* _COLLECTED DATA_:
::::::::

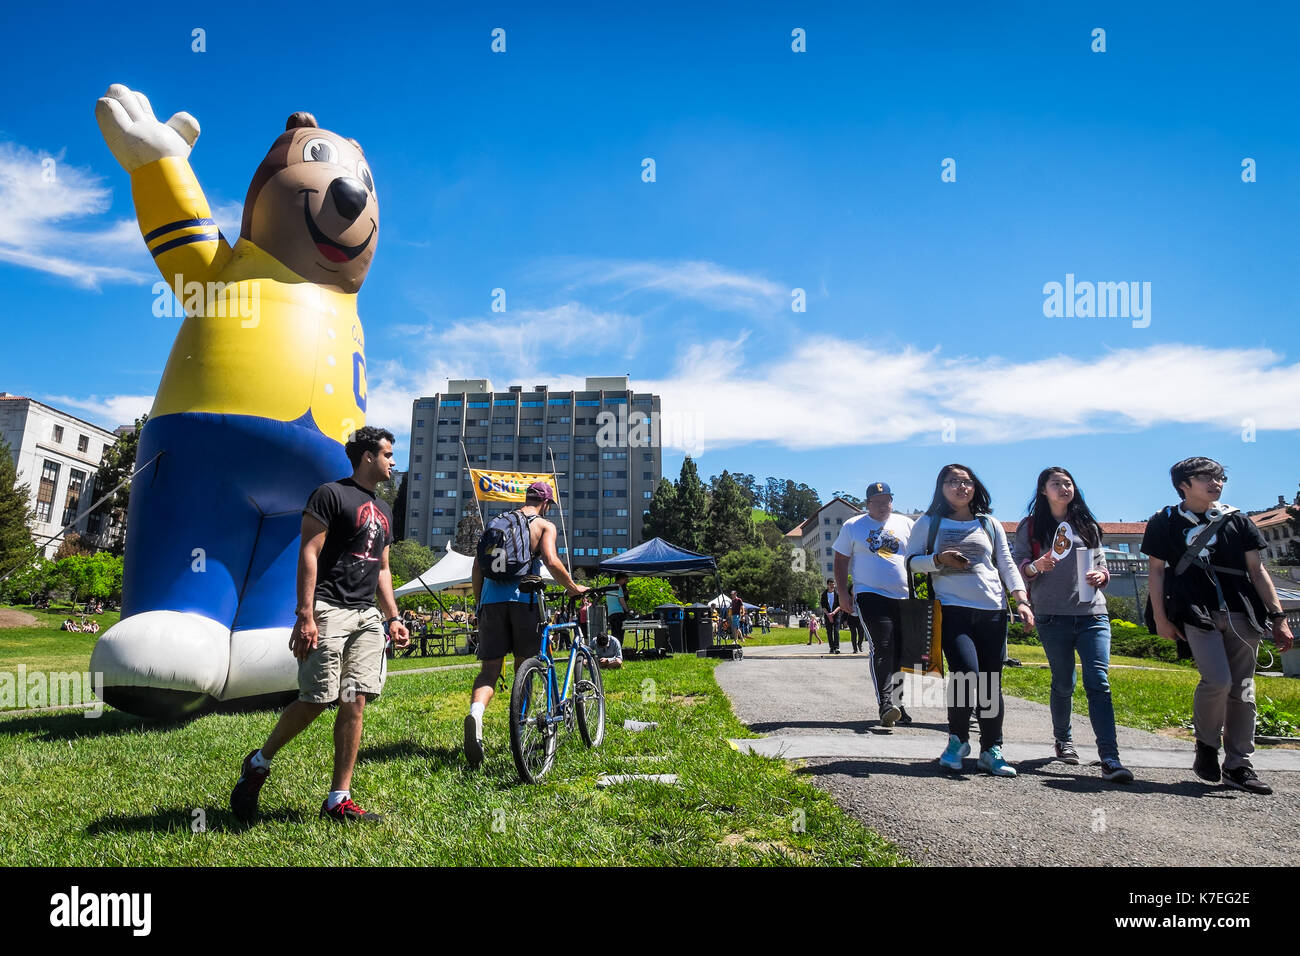 BERKELEY, CA- Apr 16, 2016: la Universidad de California Berkeley mascota inflable enorme el Oso Oski saluda a alumnos de nuevo ingreso en el día de cal. Foto de stock
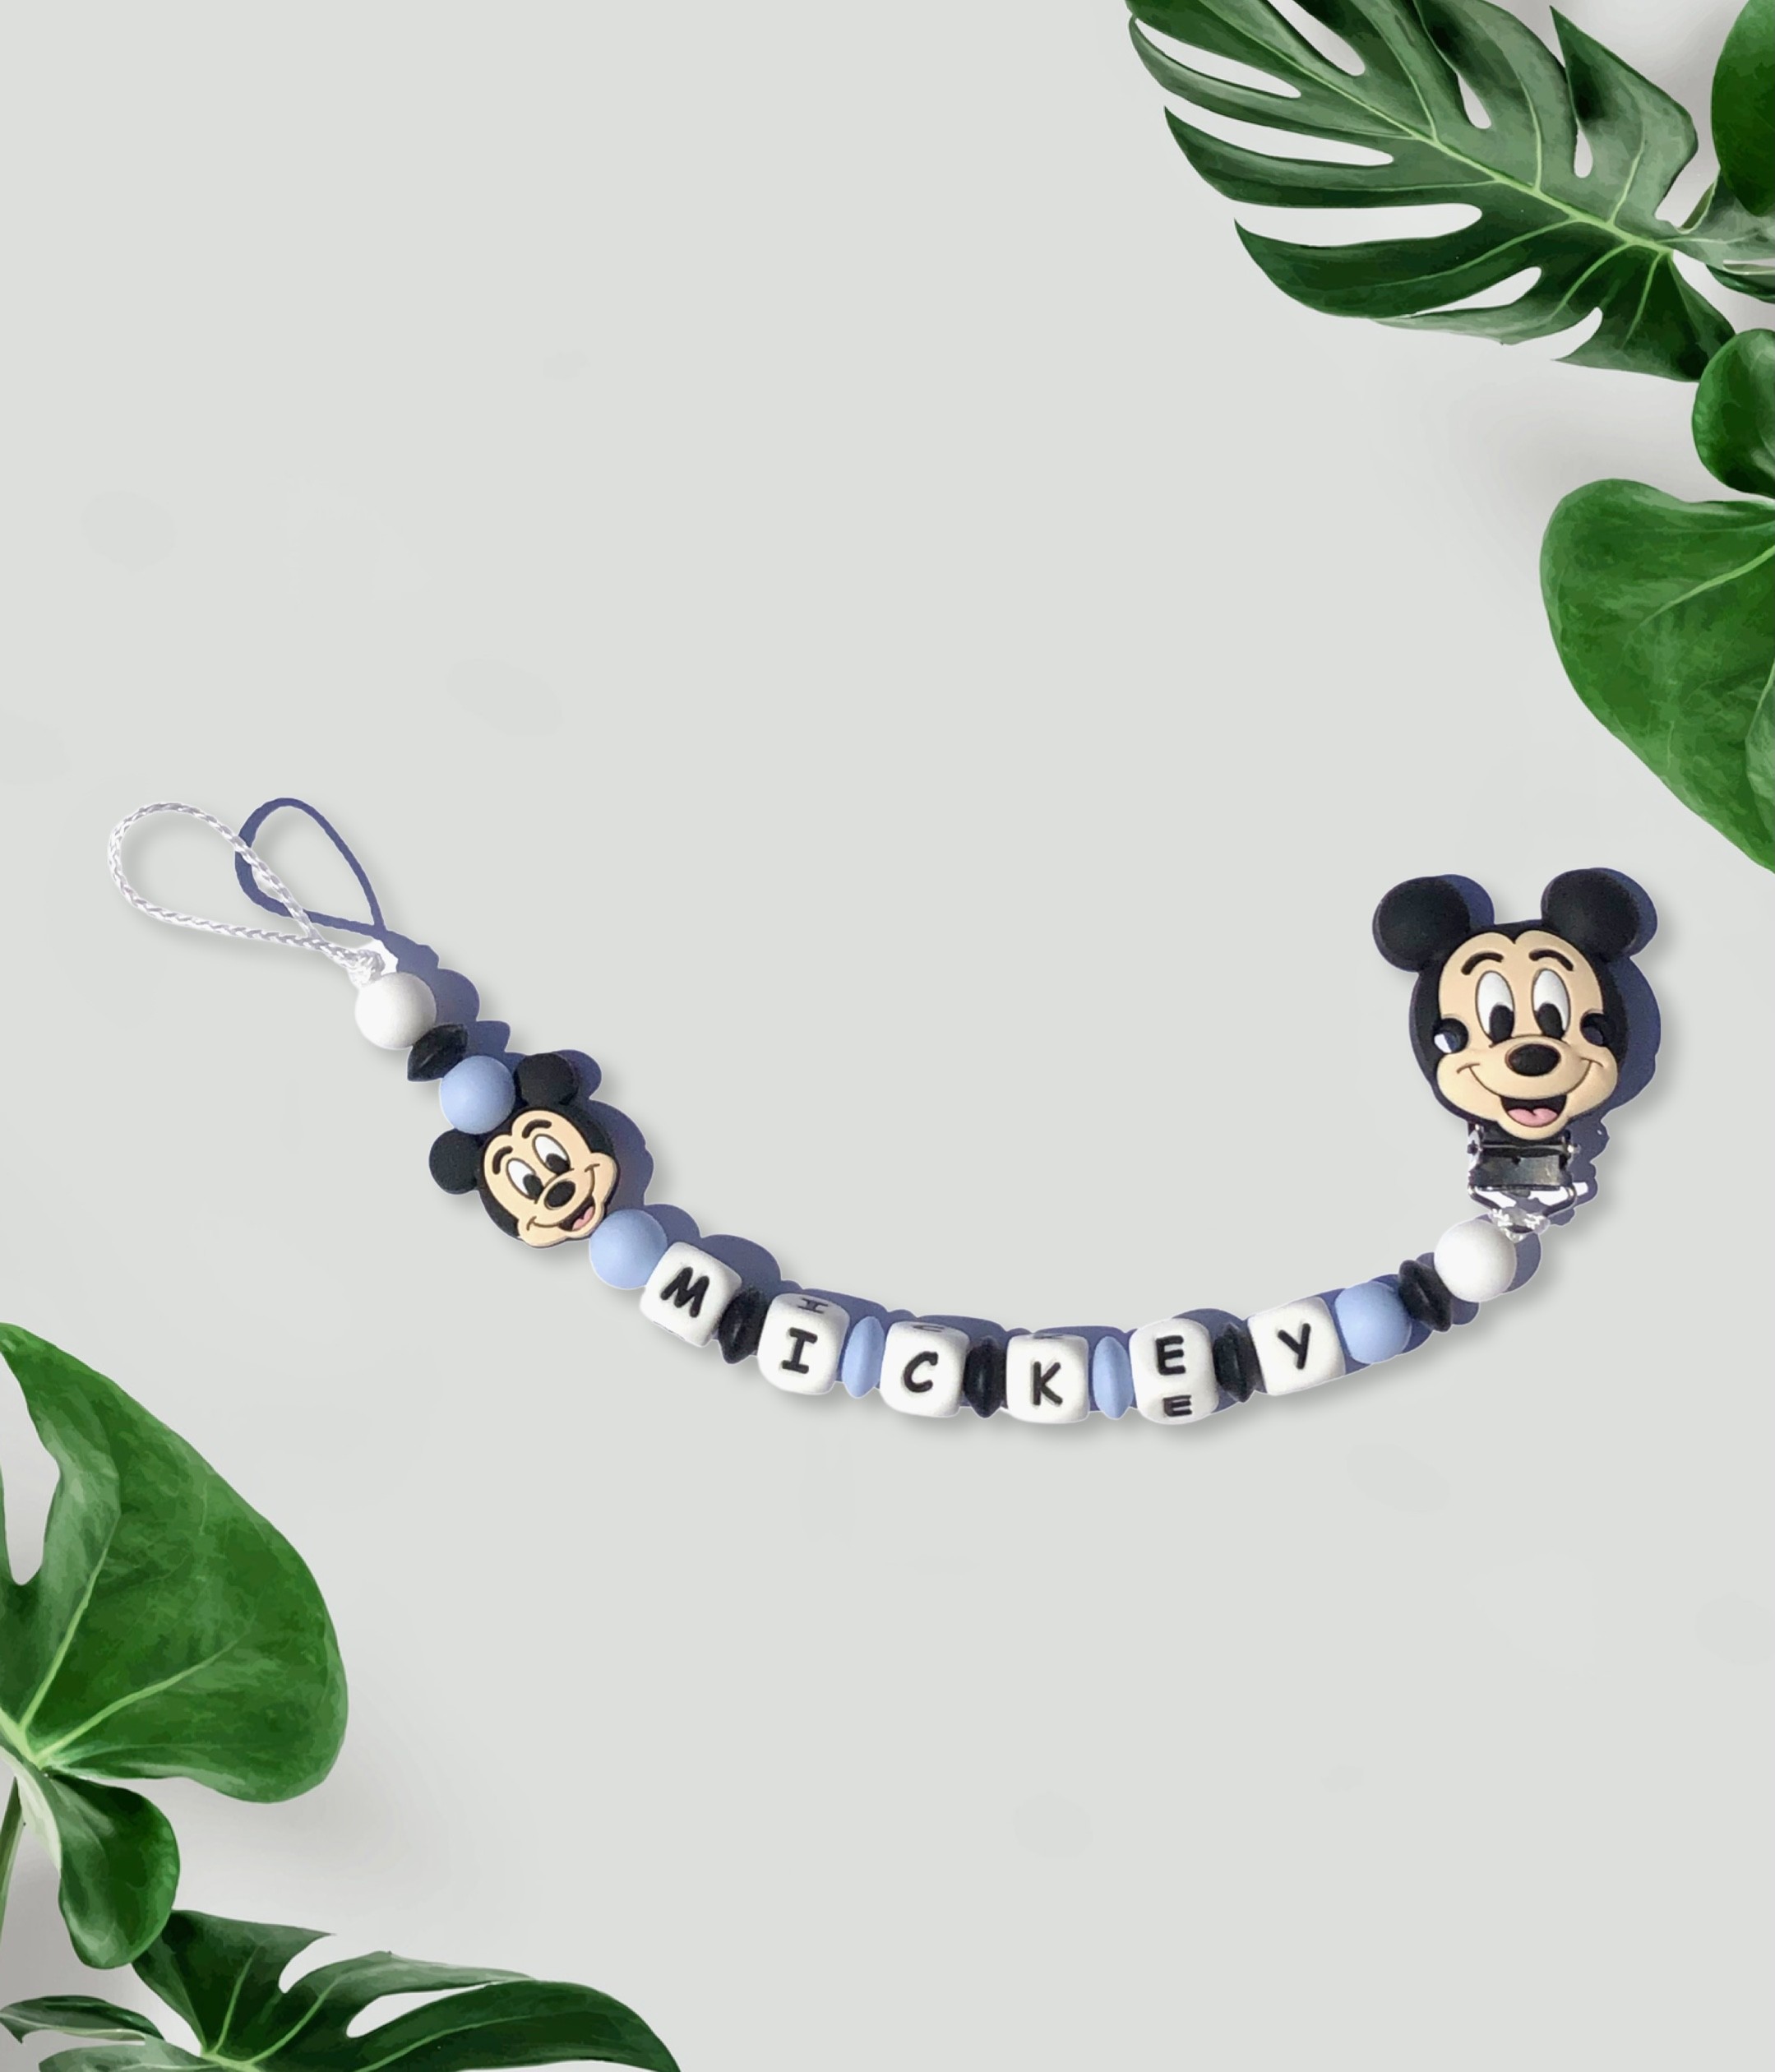 Attache tétine personnalisée Mickey pour bébé : prénom, couleurs, formes
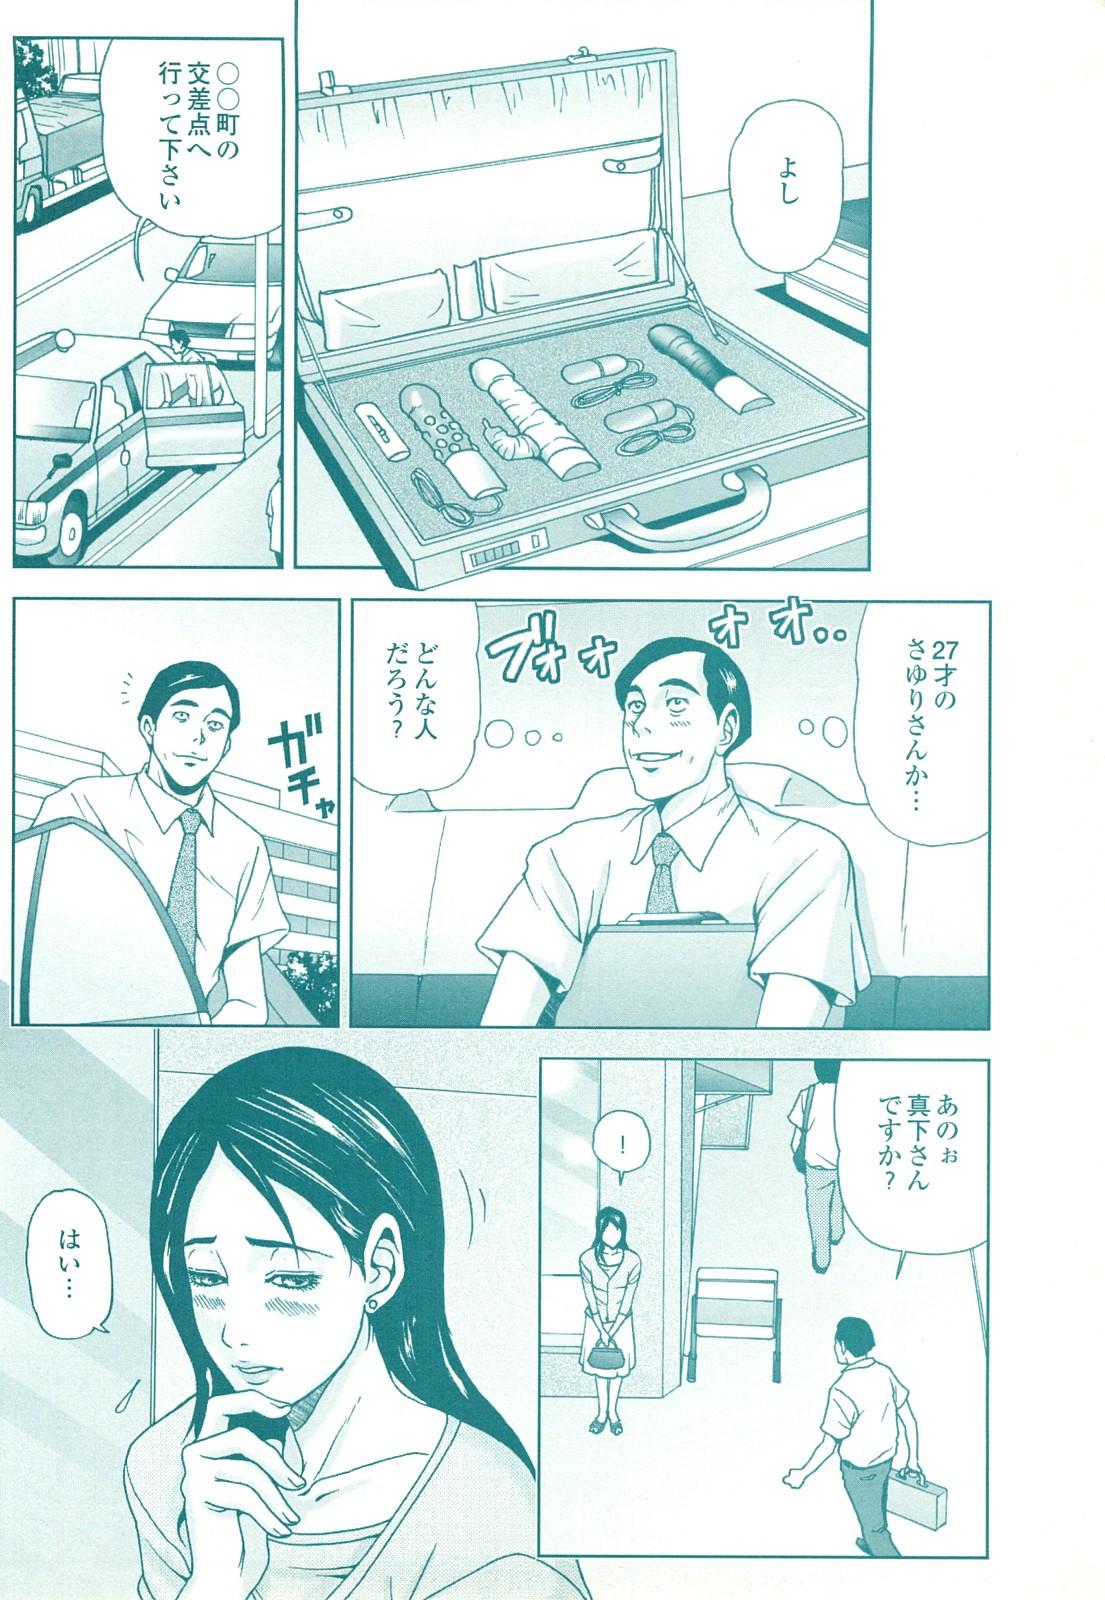 コミック裏モノJAPAN Vol.18 今井のりたつスペシャル号 169

::::::::

* _PROBLEM REQUIREMENTS_: Leave out the images and repeat the rest of the data word for word.

* _TASK SOLUTION_:
 BERKELEY, CA- Apr 16, 2016: la Universidad de California Berkeley mascota inflable enorme el Oso Oski saluda a alumnos de nuevo ingreso en el día de cal. Foto de stock
 Attache tétine personnalisée Mickey pour bébé : prénom, couleurs, formes
 コミック裏モノJAPAN Vol.18 今井のりたつスペシャル号 169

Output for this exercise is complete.